- **Try it**
Below are the entries. Print only the lines starting at the one with "Kolejny OSTRY komentarz" and ending at the one with "Les amis à une", exactly, with no pictures.
Supplied data Block Start
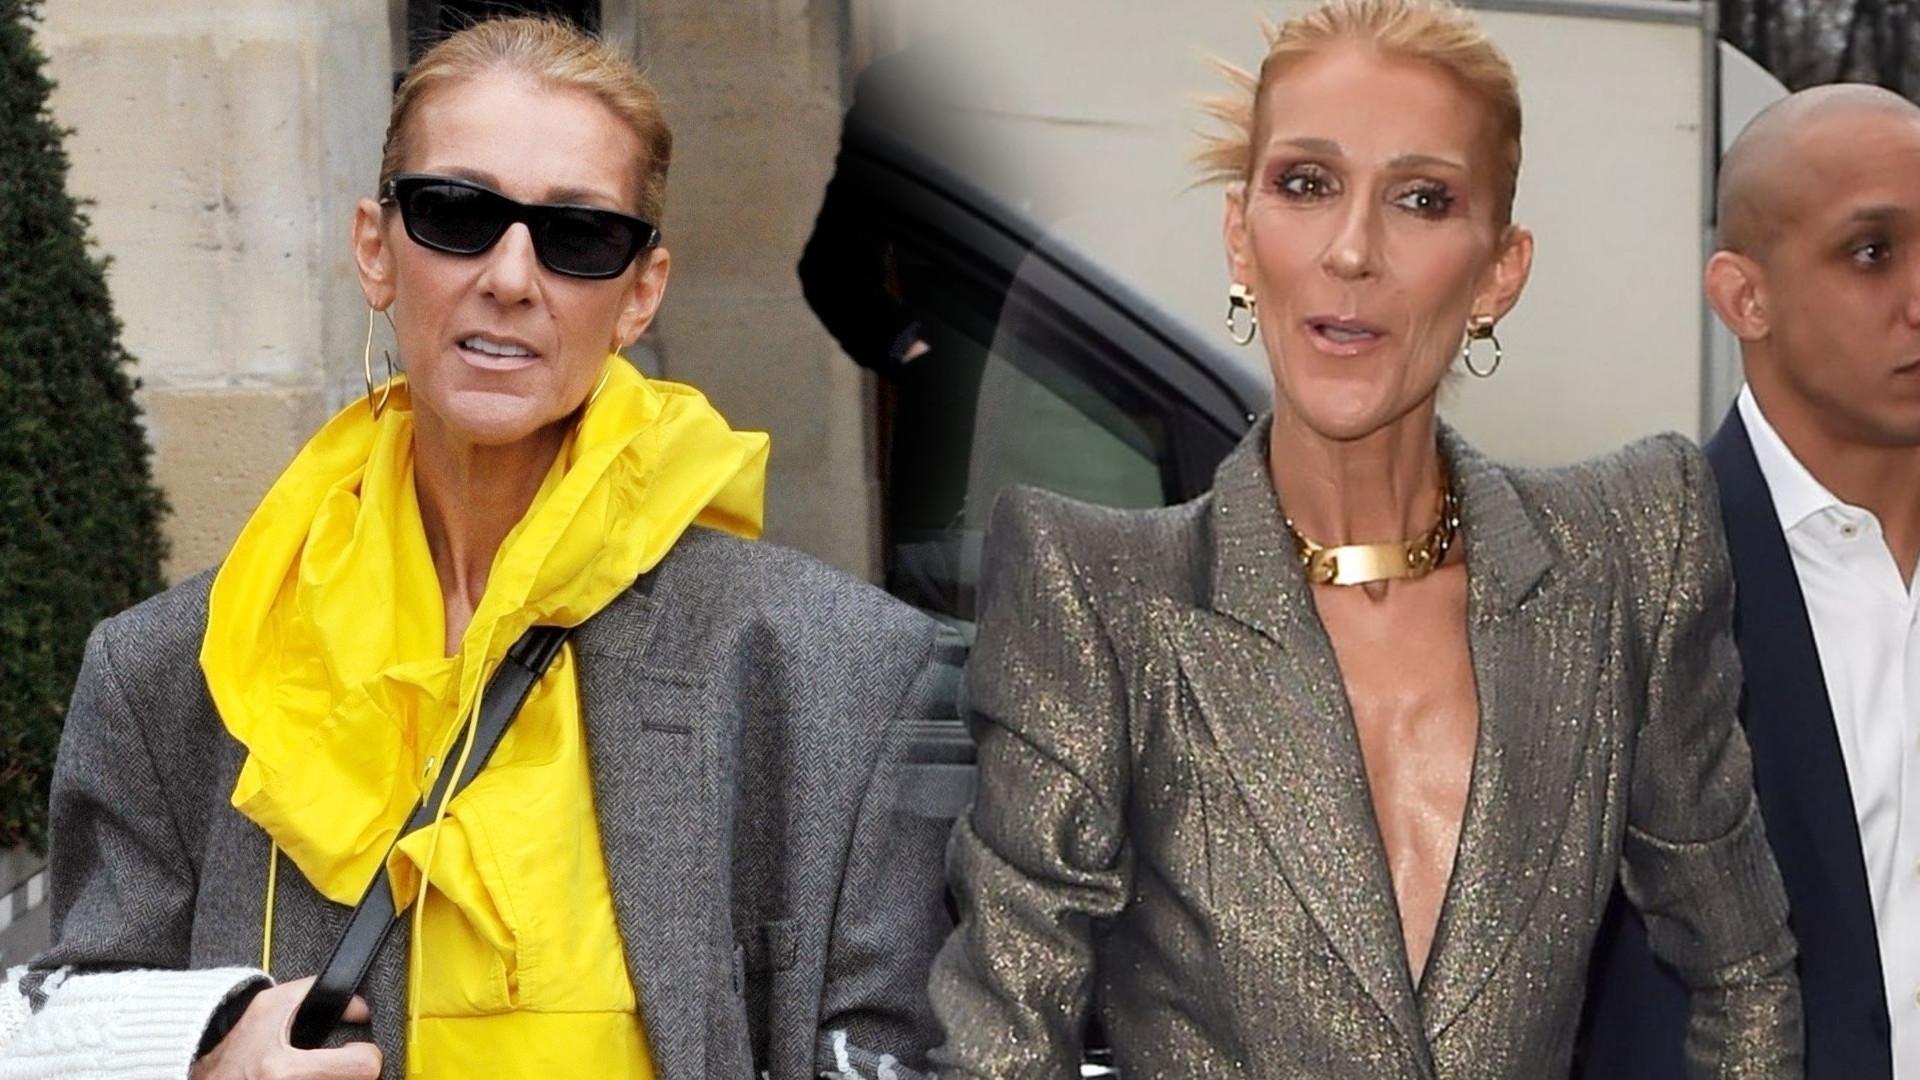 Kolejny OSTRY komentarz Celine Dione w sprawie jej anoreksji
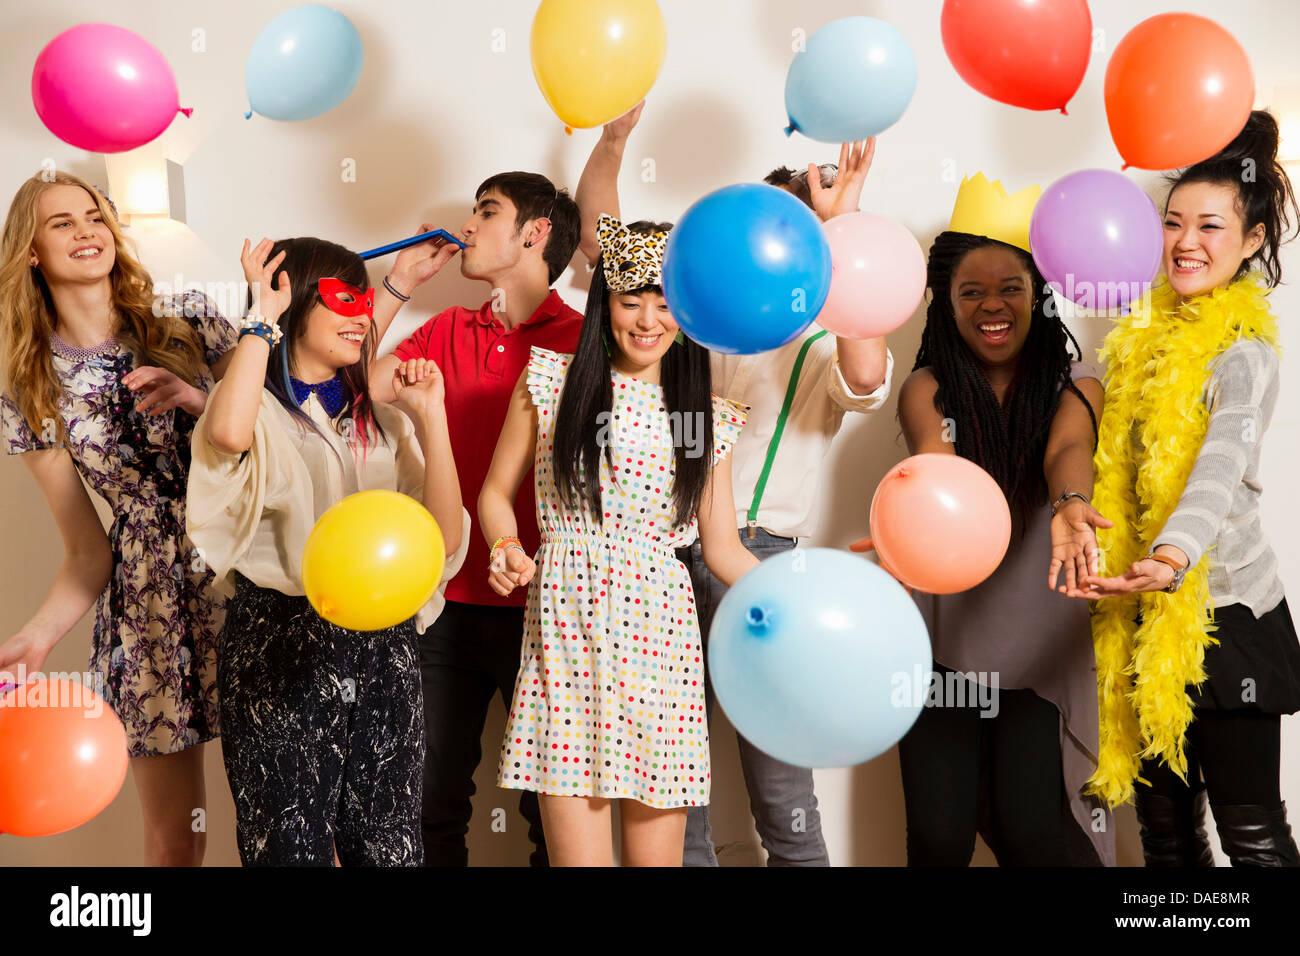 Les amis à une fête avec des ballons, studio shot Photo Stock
Supplied data Block End
Supplied data Block Start
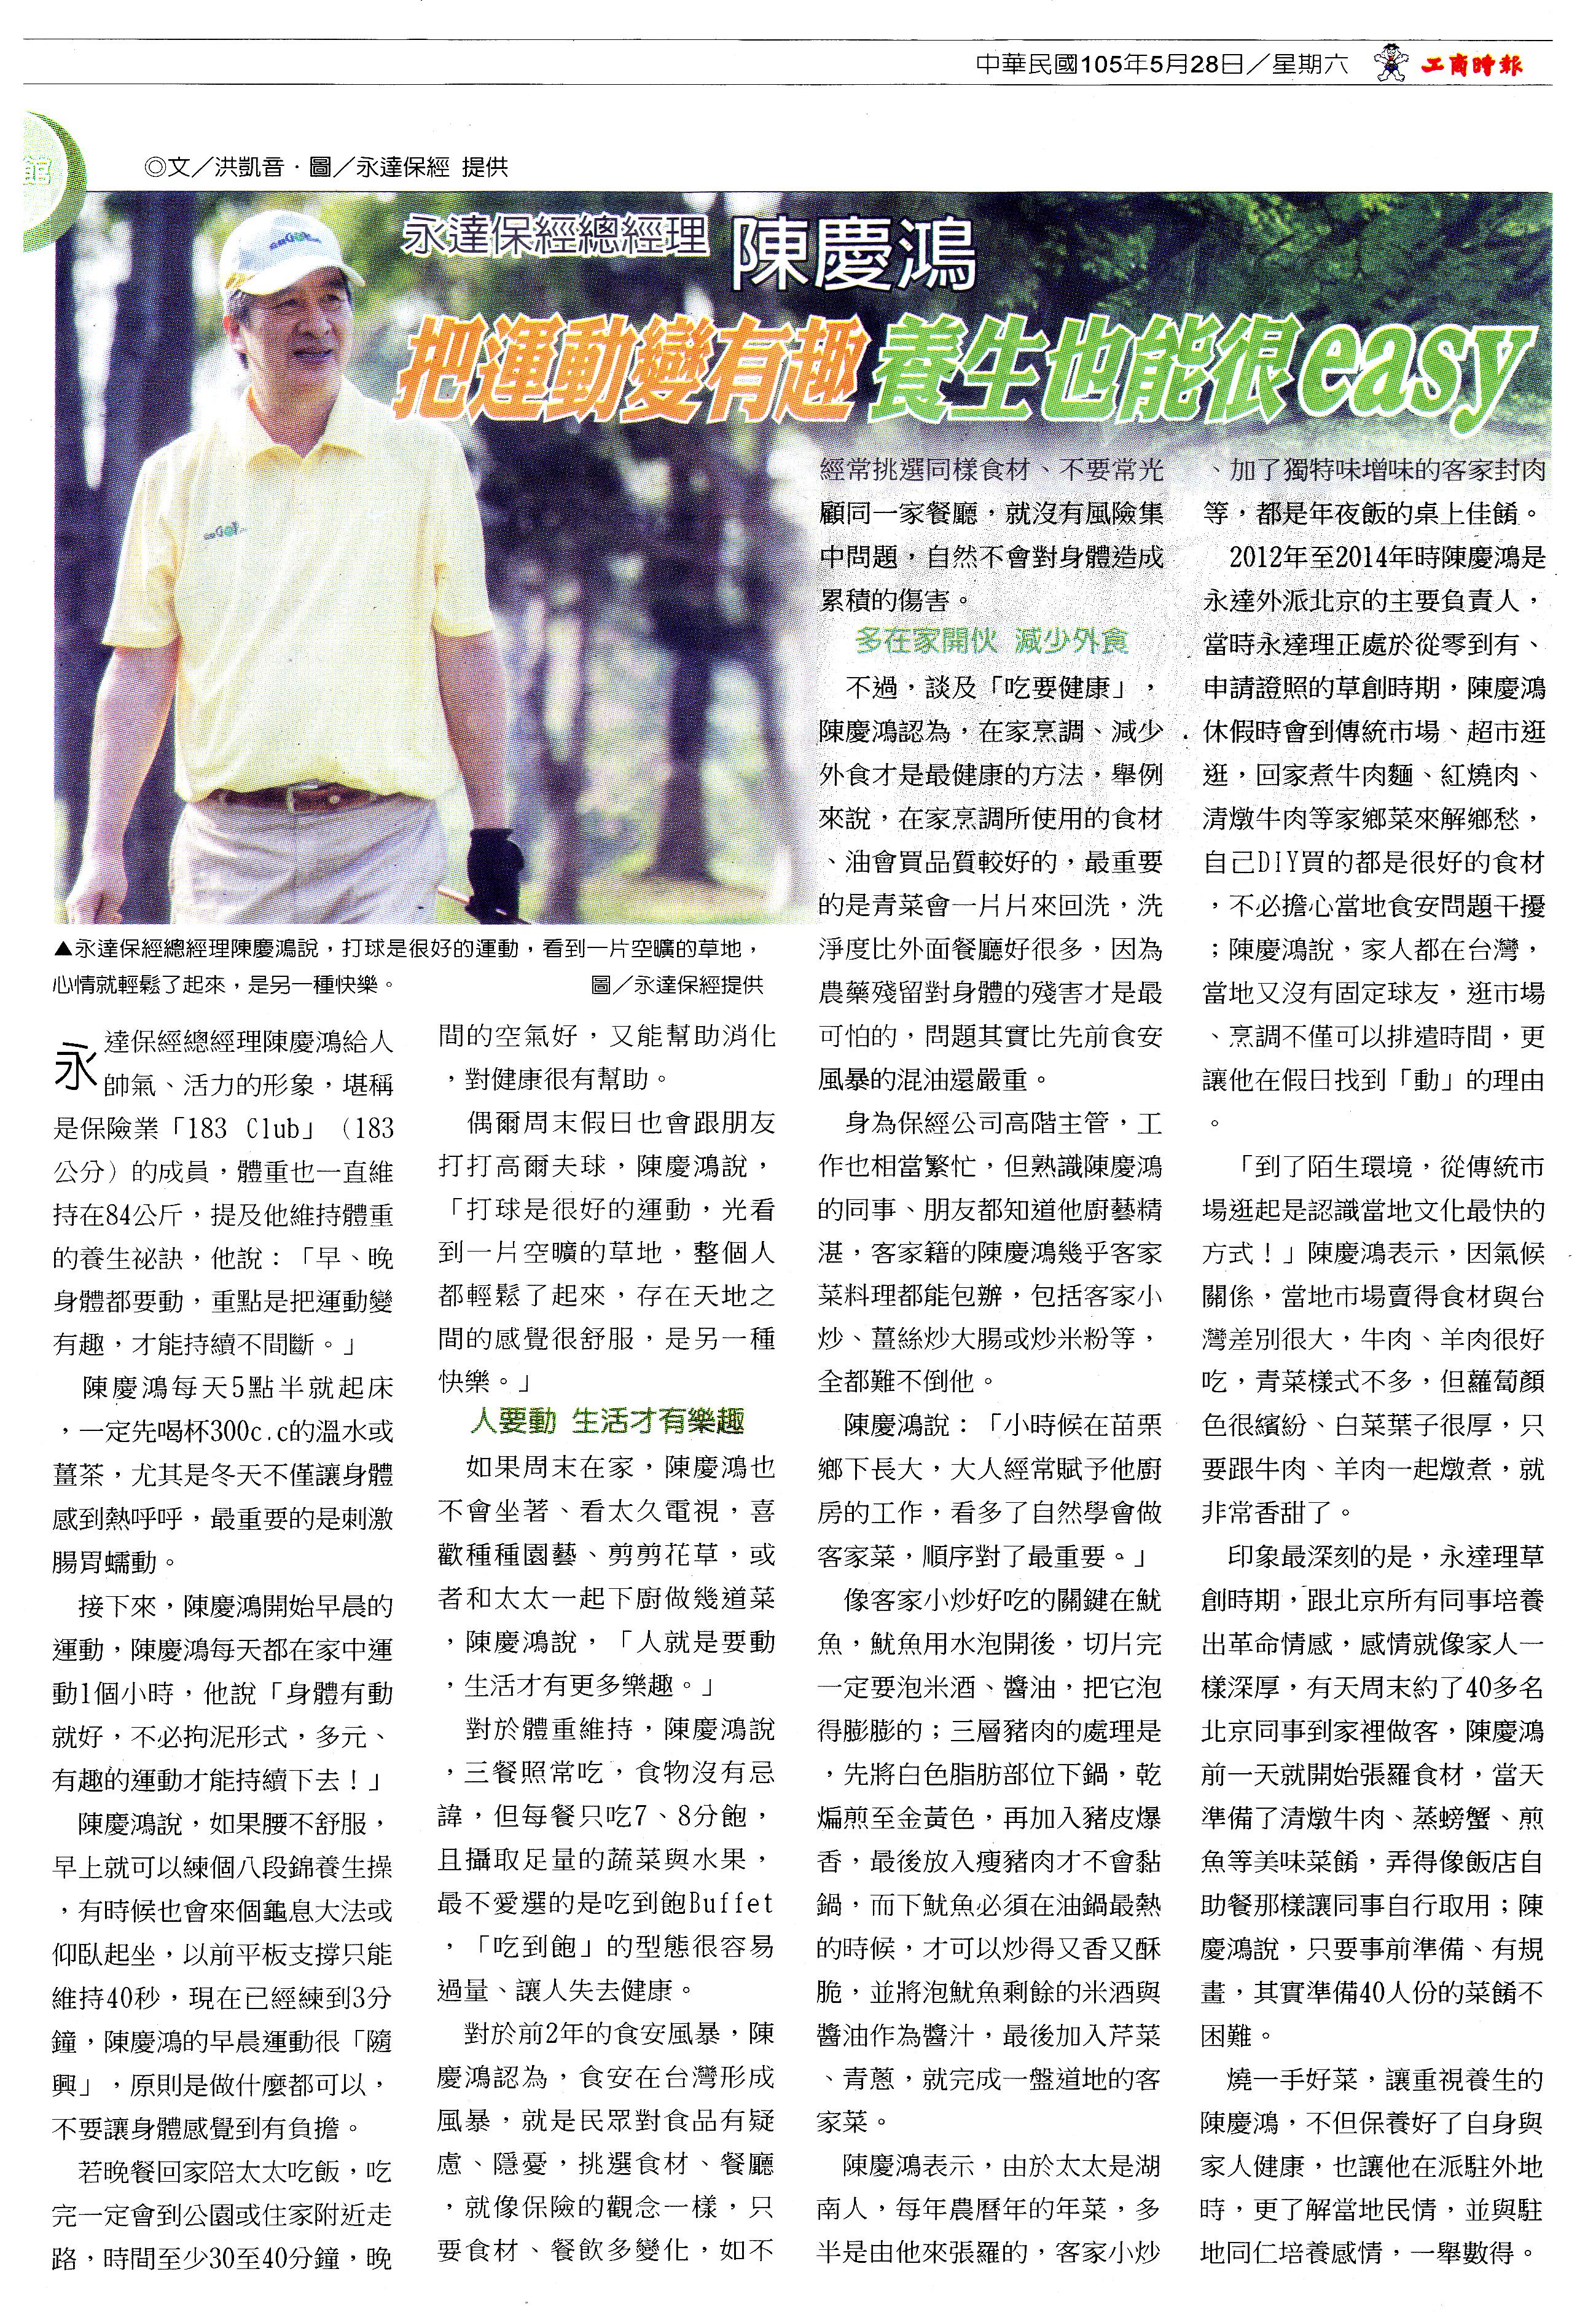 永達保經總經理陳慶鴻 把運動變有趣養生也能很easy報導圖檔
Supplied data Block End
- **Your response**
 Kolejny OSTRY komentarz Celine Dione w sprawie jej anoreksji
 Les amis à une fête avec des ballons, studio shot Photo Stock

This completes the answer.